Burmese and The Secret of Tonal Languages
Most Burmese people who come into daily contact with foreigners speak English to some degree. A casual visitor may even remark that "everyone" in Myamar speaks English. As is so often the case, this is patently untrue. The English language is very prevalent throughout the country, it was after all a British colony and English is apparently being learned by every student, young and old. But, that being said, it is highly unlikely that your average shop assistant, barber, rickshaw driver or street vendor knows any English beyond "hello" and "goodbye".
Though I tried my Burmese out at the hotel's front desk, it was on the street that I really made use of it.

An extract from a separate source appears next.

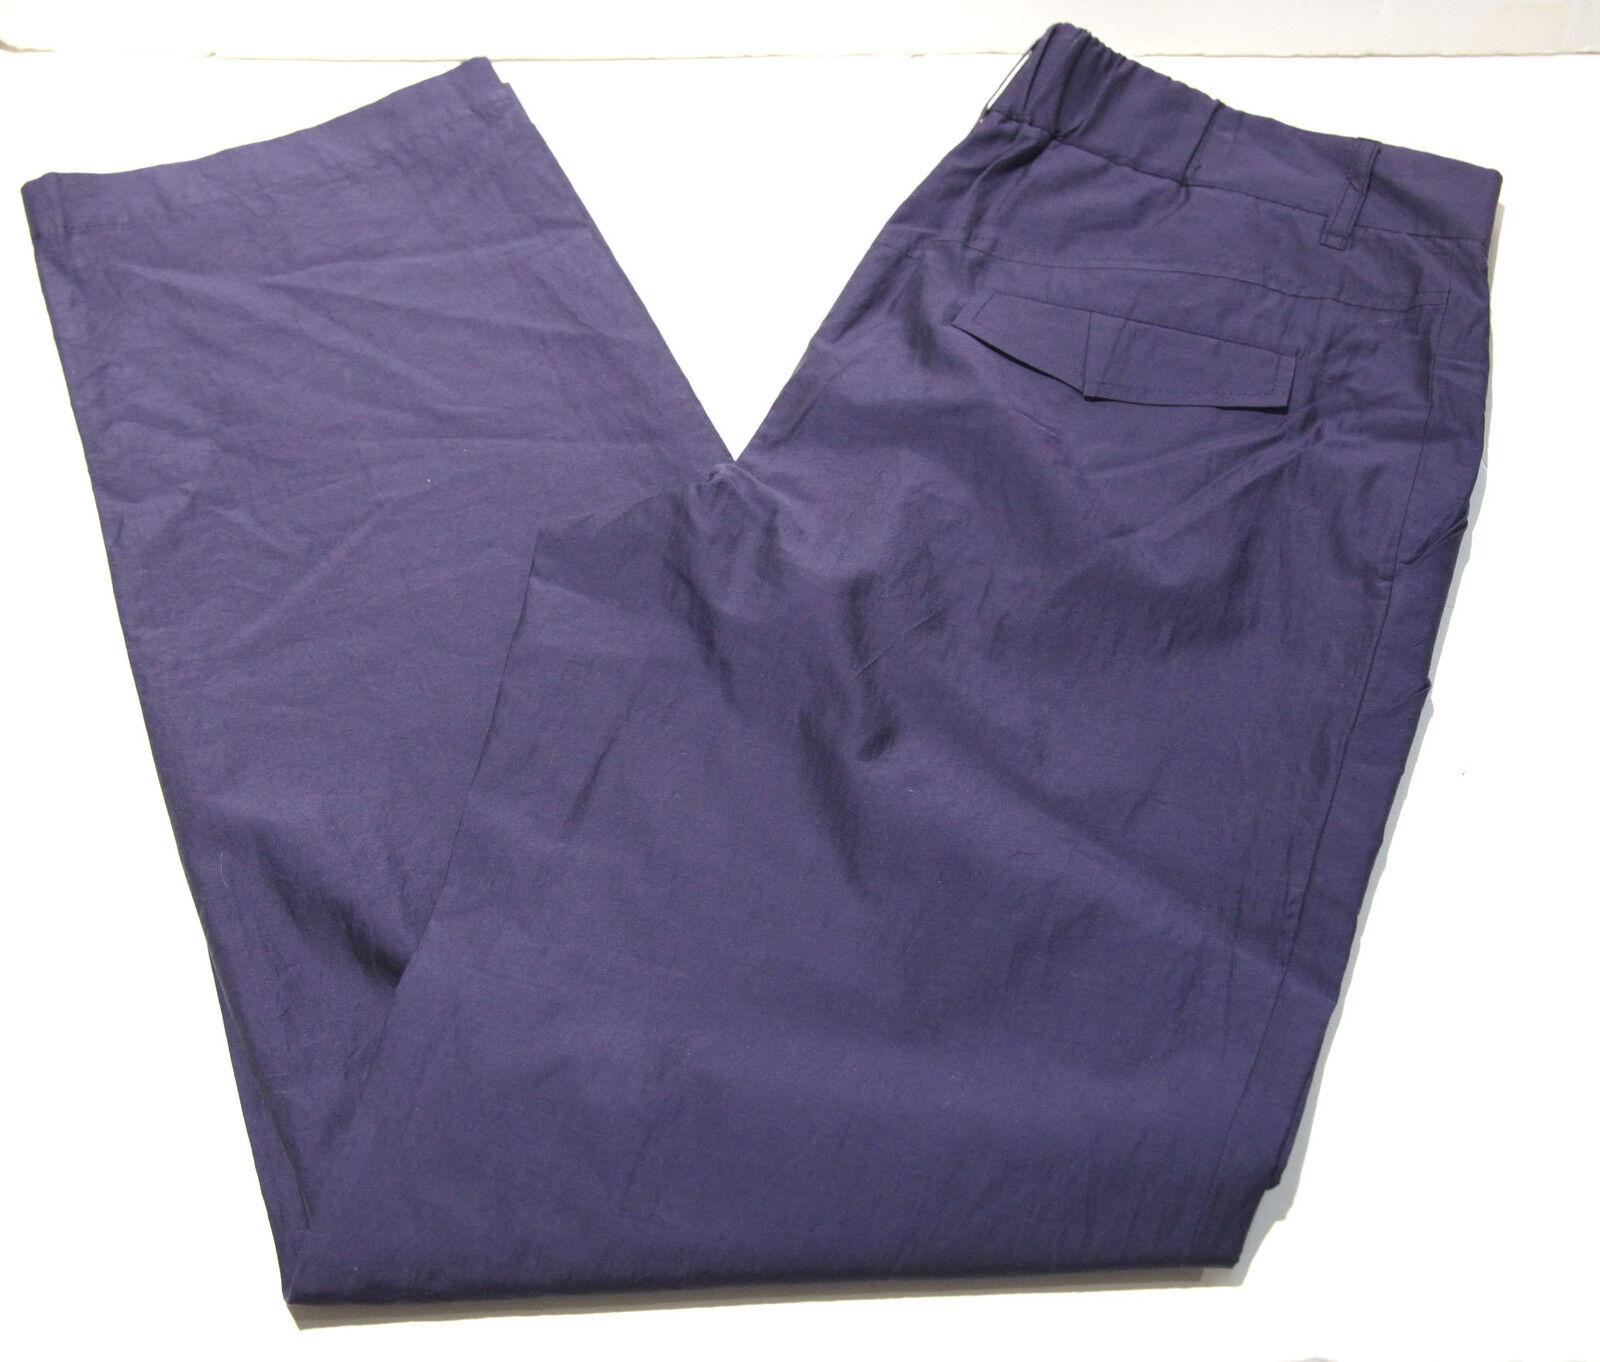 NWT Brunello Cucinelli Cotton Silk Navy bluee Pants  sz 10 FS

To be honest, I found Burmese pronunciation to be extremely difficult. I remember trying to rattle off some sentences and being answered bylittle more than bemused smiles. I seemed to be getting my message across less than half the time. Then one day I went to visit the famous Shwedagon Pagoda Complex in central Yangon. There I met a monk, a very intelligent man, who was learning English. Like a well worn path our conversation finally came around to an examination of our respective languages. It was then that the monk told me the secret to learning and speaking tonal languages, and believe me, it applies to them all. The secret is this: when all the words in a sentence use the neutral tone (i.e., your natural voice) the result is completely monotonous; the voice does not waver up or down to nuance words or create questions as it would in English. It is flat and atonal. By slipping a toned word in amongst the neutrals it's possible to hear how the tones really worked. Burmese pronunciation is difficult and I still made a lot of errors but from that day forth I started making a lot more sense.